读取csv文件时的混合类型.原因,解决方法和后果 [英] Mixed types when reading csv files. Causes, fixes and consequences

查看:226
本文介绍了读取csv文件时的混合类型.原因,解决方法和后果的处理方法,对大家解决问题具有一定的参考价值,需要的朋友们下面随着小编来一起学习吧!

问题描述

当熊猫发出此警告时会发生什么?我应该担心吗?

What exactly happens when Pandas issues this warning? Should I worry about it?

In [1]: read_csv(path_to_my_file)
/Users/josh/anaconda/envs/py3k/lib/python3.3/site-packages/pandas/io/parsers.py:1139: 
DtypeWarning: Columns (4,13,29,51,56,57,58,63,87,96) have mixed types. Specify dtype option on import or set low_memory=False.              

  data = self._reader.read(nrows)

我认为这意味着Pandas无法从这些列上的值推断类型.但是,如果是这种情况,熊猫最终将使用那些类型的那些列?

I assume that this means that Pandas is unable to infer the type from values on those columns. But if that is the case, what type does Pandas end up using for those columns?

此外,事实之后是否总是可以恢复类型? (在收到警告后),或者在某些情况下我可能无法正确恢复原始信息,我应该预先指定类型吗?

Also, can the type always be recovered after the fact? (after getting the warning), or are there cases where I may not be able to recover the original info correctly, and I should pre-specify the type?

最后,low_memory=False如何解决该问题?

Finally, how exactly does low_memory=False fix the problem?

推荐答案

重新访问mbatchkarov的链接,low_memory已记录:

Revisiting mbatchkarov's link, low_memory is not deprecated. It is now documented:

low_memory :布尔值,默认为True

内部对文件进行分块处理,从而降低了内存使用量,而 解析,但可能是混合类型推断.确保没有 混合类型要么设置为False,要么使用 dtype 指定类型 范围.请注意,整个文件都被读取到单个DataFrame中 无论如何,请使用 chunksize iterator 参数返回数据 大块地. (仅对C解析器有效)

Internally process the file in chunks, resulting in lower memory use while parsing, but possibly mixed type inference. To ensure no mixed types either set False, or specify the type with the dtype parameter. Note that the entire file is read into a single DataFrame regardless, use the chunksize or iterator parameter to return the data in chunks. (Only valid with C parser)

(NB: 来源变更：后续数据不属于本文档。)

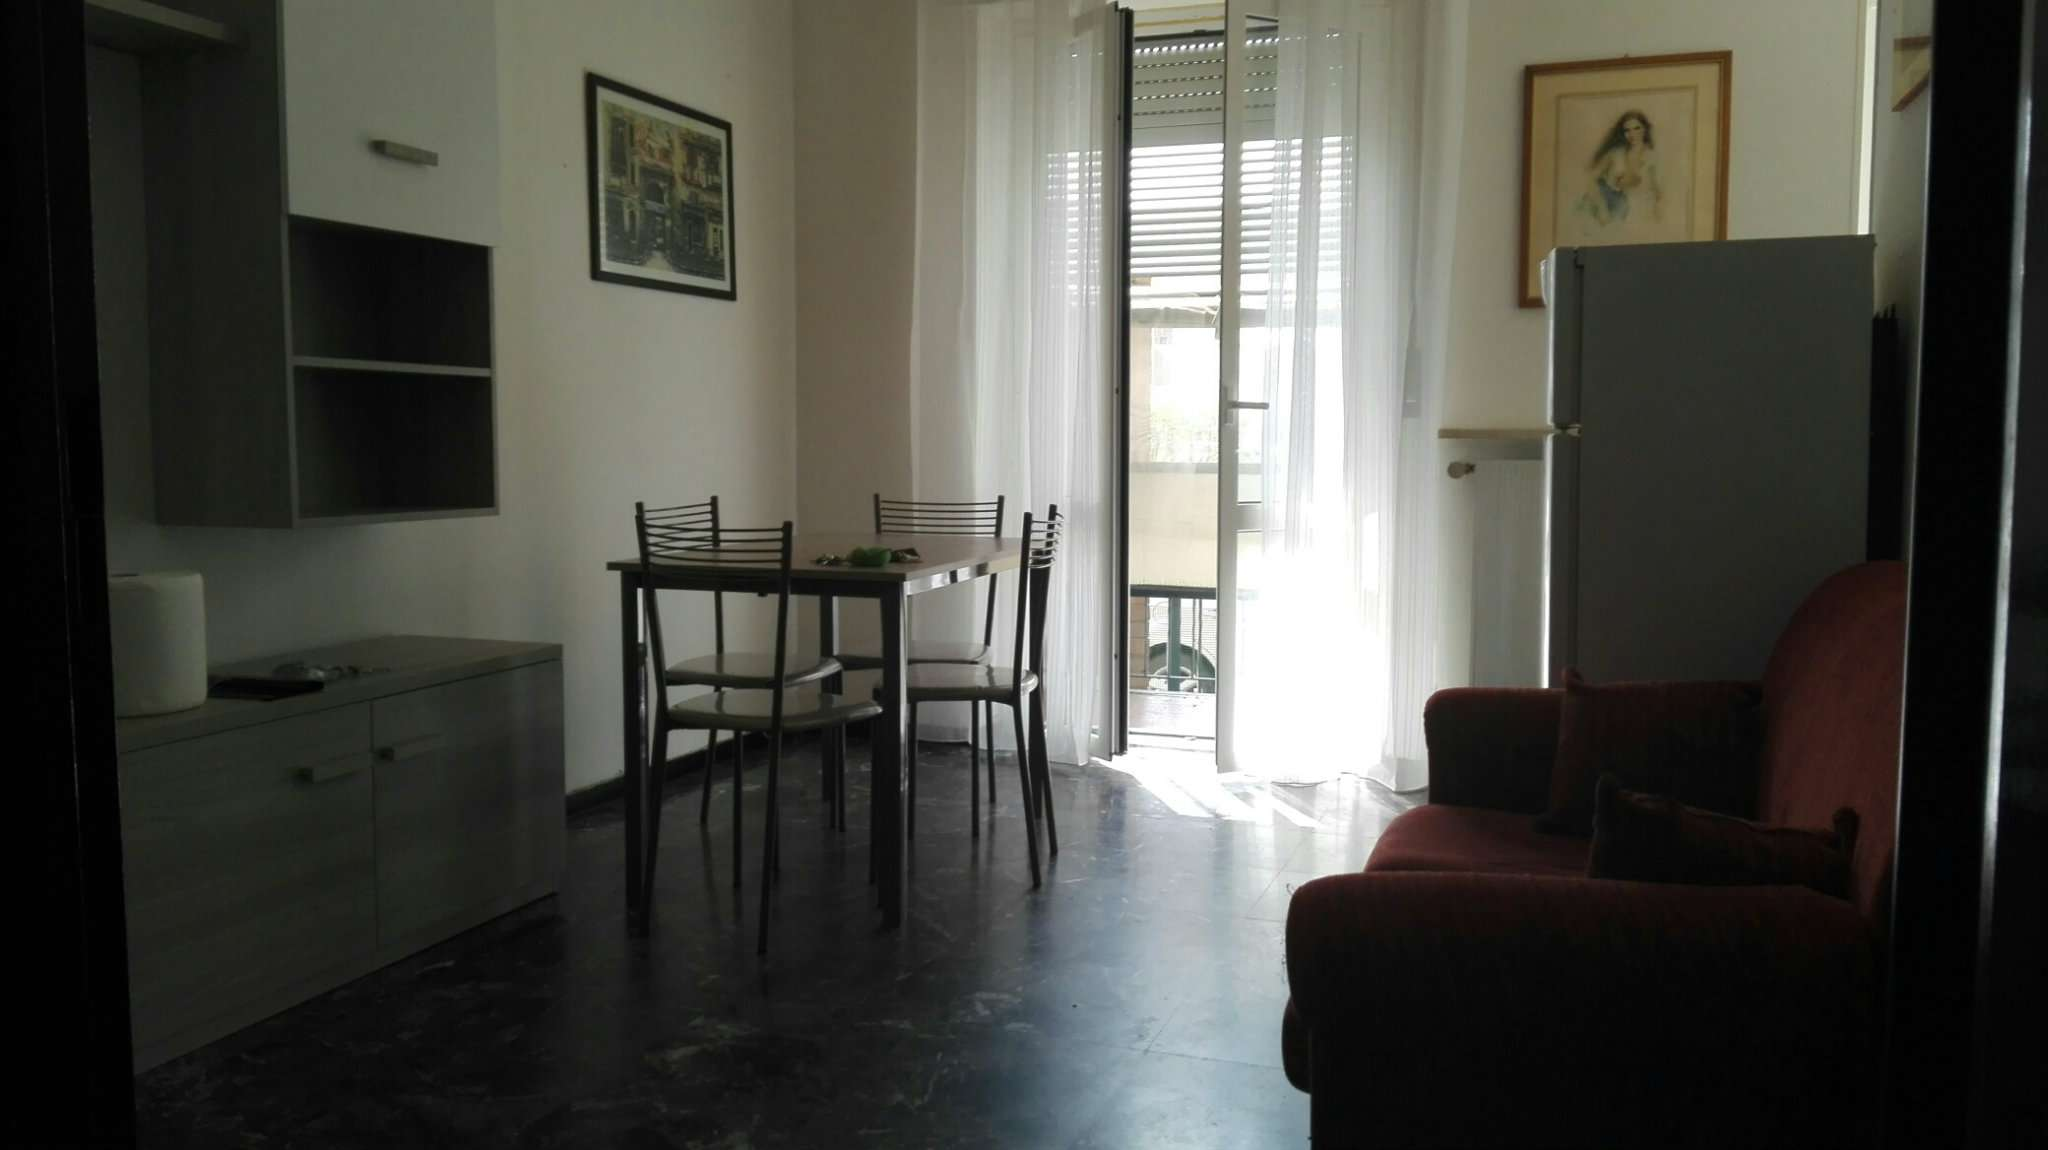 Appartamento in affitto a Alessandria, 2 locali, prezzo € 360 | CambioCasa.it

我问过导致混合的是什么类型推断表示,并且chris-b1回答:

I have asked what resulting in mixed type inference means, and chris-b1 answered:

这是确定性的-一致地基于什么来推断类型 在数据中.也就是说,内部块大小不是固定数字 行数,而不是字节数,因此是否可以混合使用dtype警告 或没有感觉会有点随机.

It is deterministic - types are consistently inferred based on what's in the data. That said, the internal chunksize is not a fixed number of rows, but instead bytes, so whether you can a mixed dtype warning or not can feel a bit random.

那么,这些列最终使用的熊猫类型是什么?

下面的独立示例可以回答这个问题:

This is answered by the following self-contained example:

df=pd.read_csv(StringIO('\n'.join([str(x) for x in range(1000000)] + ['a string'])))
DtypeWarning: Columns (0) have mixed types. Specify dtype option on import or set low_memory=False.

type(df.loc[524287,'0'])
Out[50]: int

type(df.loc[524288,'0'])
Out[51]: str

csv数据的第一部分仅被视为int,因此转换为int, 第二部分也有一个字符串,因此所有条目都保留为字符串.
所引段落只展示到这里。